La prefettura chiude il centro di accoglienza di don Biancalani

Migranti. La cucina non è a norma, sigilli alla struttura di Vicofaro. Salvini esulta, il parroco: «Faremo i lavori di messa in sicurezza e ripartiremo con più forza. Stia tranquillo il ministro, noi non ci fermiamo»
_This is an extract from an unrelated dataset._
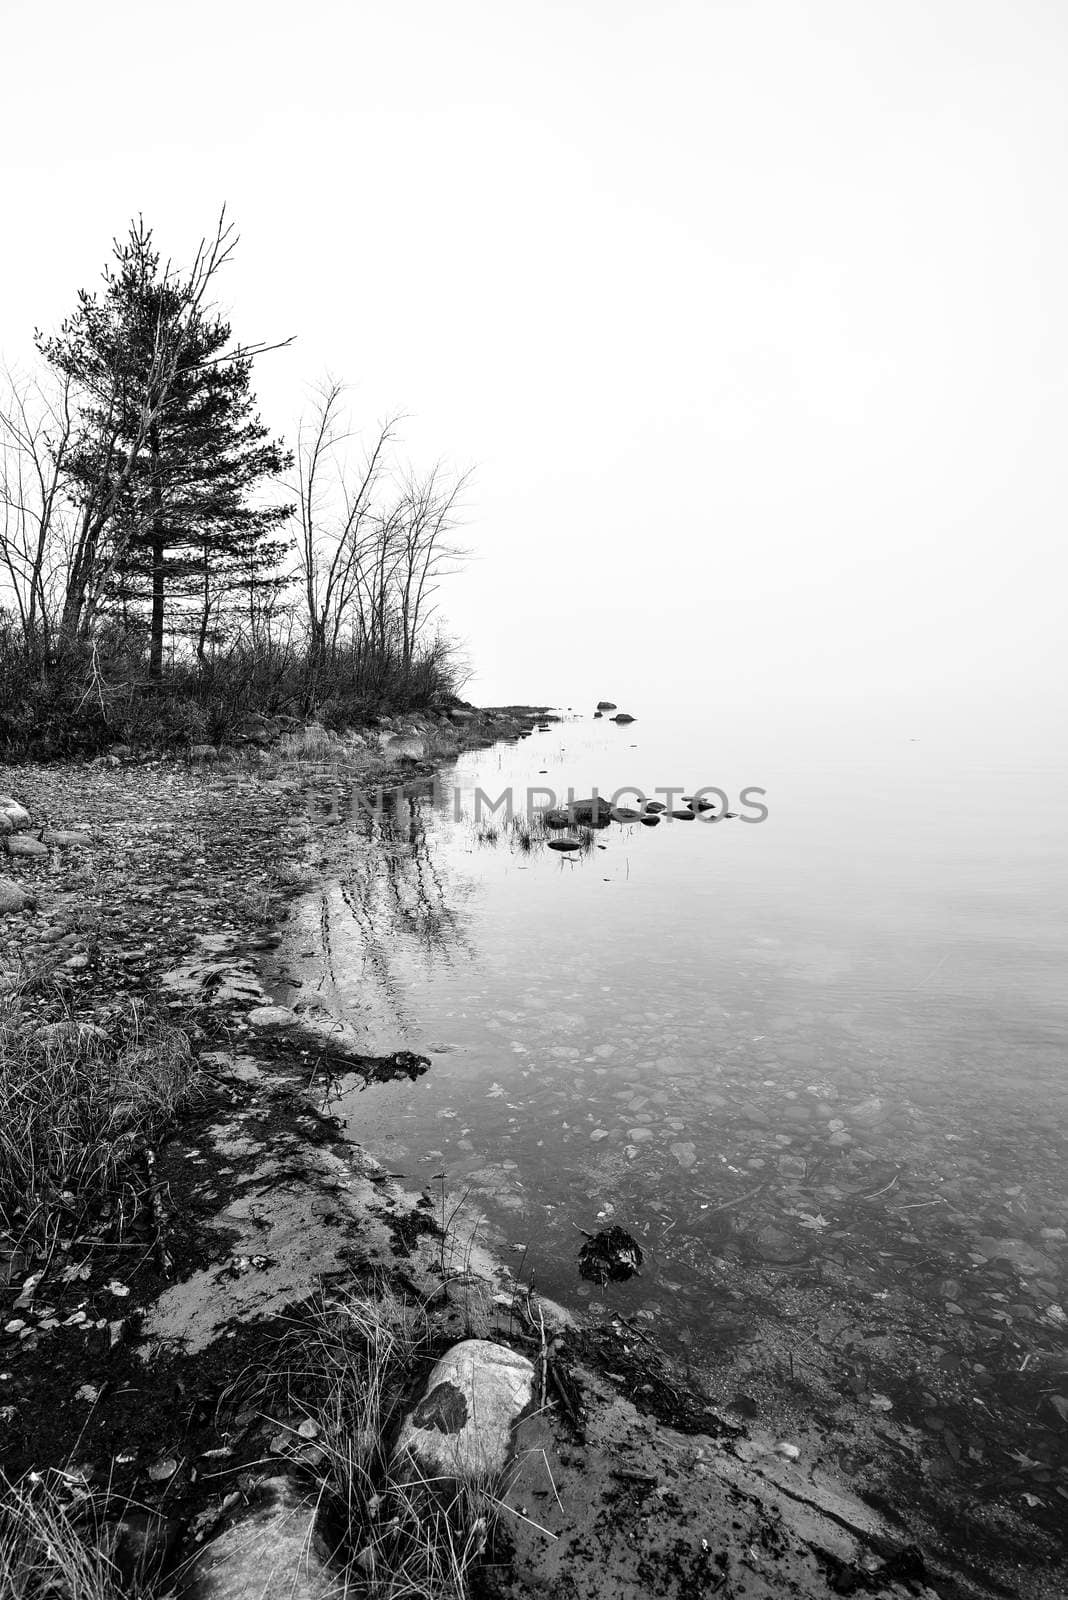 Ottawa River shoreline shrouded in dense fog in black and white. by valleyboi63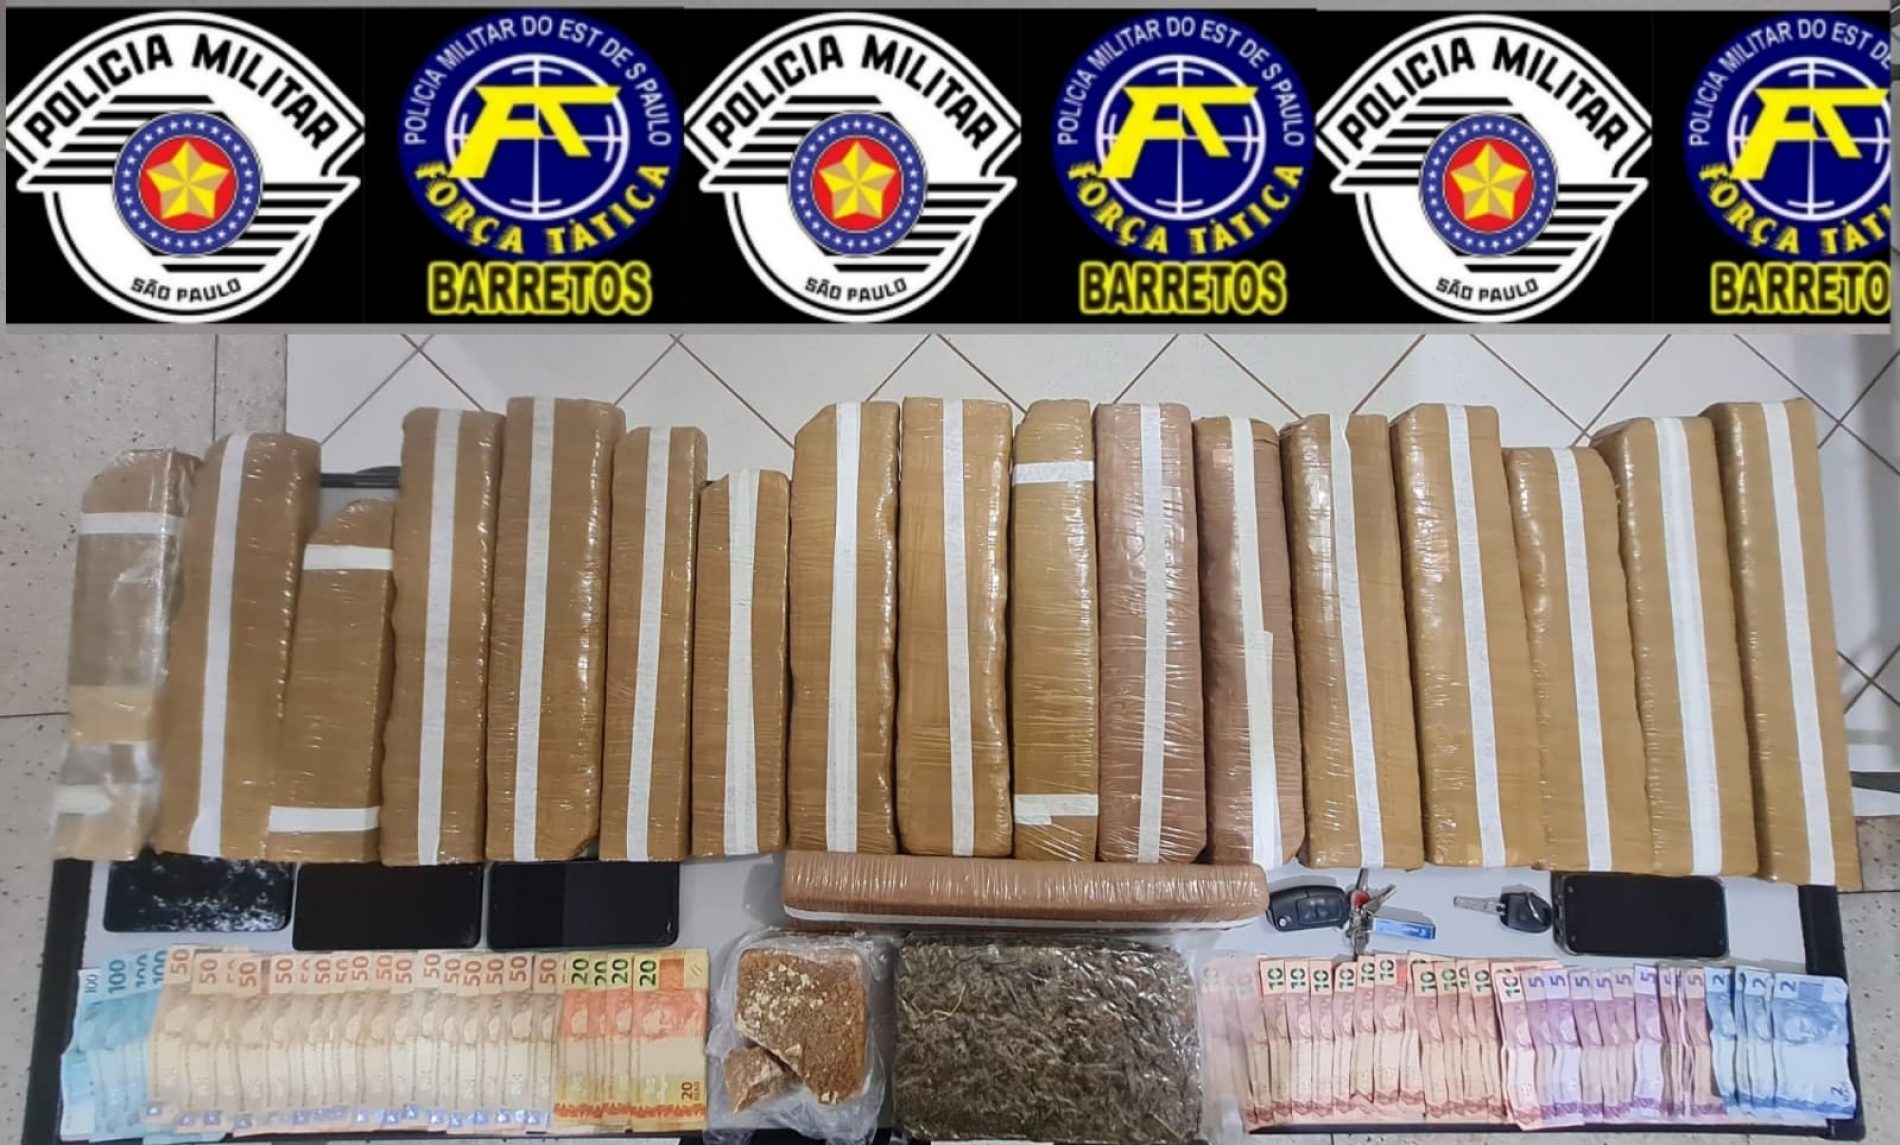 Policia Militar prende quatro pessoas por tráfico de drogas e apreende mais de 20 quilos de entorpecentes

Il centro di accoglienza per migranti di Vicofaro (Pistoia), sotto  Massimo Biancalani

Il centro di accoglienza per migranti di Vicofaro (Pistoia), sotto Massimo Biancalani

«Ripartiremo con più forza e magari sarà l’occasione per migliorare la struttura. Stia tranquillo Salvini». Non si perde d’animo don Massimo Biancalani a cui ieri la prefettura di Pistoia ha chiuso il centro d’accoglienza per migranti che gestisce nella sua parrocchia di Vicofaro, con tanto di tweet del ministro dell’interno Salvini: «Tempi duri per il prete che ama circondarsi di migranti, ancora un po’ e la canonica scoppiava...».   «Il centro non è chiuso» spiega don Massimo «ha bisogno di lavori di adeguamento dei locali della cucina. Bisogna mettere dei solai ignifughi». Per poter riaprire avrà bisogno di centomila euro...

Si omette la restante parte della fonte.